Word for word, please restate the line containing "01_市内中心部トラム路線図_05" and all the lines that follow it to the end of the data.
------------
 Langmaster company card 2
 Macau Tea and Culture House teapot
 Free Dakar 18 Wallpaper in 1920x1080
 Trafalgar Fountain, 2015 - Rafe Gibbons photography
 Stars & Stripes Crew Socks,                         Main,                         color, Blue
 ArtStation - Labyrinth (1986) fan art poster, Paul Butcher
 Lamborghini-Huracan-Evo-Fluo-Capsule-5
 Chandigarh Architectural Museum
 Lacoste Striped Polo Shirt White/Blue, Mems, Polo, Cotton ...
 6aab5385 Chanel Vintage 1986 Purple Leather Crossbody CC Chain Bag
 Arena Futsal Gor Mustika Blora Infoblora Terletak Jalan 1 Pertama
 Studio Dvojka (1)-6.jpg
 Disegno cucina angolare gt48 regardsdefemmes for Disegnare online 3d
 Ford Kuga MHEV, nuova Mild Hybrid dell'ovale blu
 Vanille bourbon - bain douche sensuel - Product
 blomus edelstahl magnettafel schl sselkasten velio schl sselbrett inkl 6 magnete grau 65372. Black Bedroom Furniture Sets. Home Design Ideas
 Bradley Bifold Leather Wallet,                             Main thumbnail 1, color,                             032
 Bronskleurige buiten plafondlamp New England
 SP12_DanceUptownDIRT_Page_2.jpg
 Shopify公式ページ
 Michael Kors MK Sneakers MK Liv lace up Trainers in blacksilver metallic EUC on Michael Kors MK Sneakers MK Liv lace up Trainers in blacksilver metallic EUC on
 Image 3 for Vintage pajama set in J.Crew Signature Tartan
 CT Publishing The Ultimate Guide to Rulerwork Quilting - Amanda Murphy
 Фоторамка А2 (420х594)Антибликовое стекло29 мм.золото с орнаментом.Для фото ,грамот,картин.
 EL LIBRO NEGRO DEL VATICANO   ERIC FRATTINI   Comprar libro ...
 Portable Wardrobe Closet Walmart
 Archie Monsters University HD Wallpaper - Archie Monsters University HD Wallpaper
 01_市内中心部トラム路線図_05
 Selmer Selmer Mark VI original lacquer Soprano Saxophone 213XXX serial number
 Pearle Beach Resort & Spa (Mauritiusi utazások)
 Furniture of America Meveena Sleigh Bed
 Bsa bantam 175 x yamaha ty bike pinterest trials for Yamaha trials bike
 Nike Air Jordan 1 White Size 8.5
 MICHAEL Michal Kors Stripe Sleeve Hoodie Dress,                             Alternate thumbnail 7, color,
------------
Your solution
 01_市内中心部トラム路線図_05
 Selmer Selmer Mark VI original lacquer Soprano Saxophone 213XXX serial number
 Pearle Beach Resort & Spa (Mauritiusi utazások)
 Furniture of America Meveena Sleigh Bed
 Bsa bantam 175 x yamaha ty bike pinterest trials for Yamaha trials bike
 Nike Air Jordan 1 White Size 8.5
 MICHAEL Michal Kors Stripe Sleeve Hoodie Dress,                             Alternate thumbnail 7, color,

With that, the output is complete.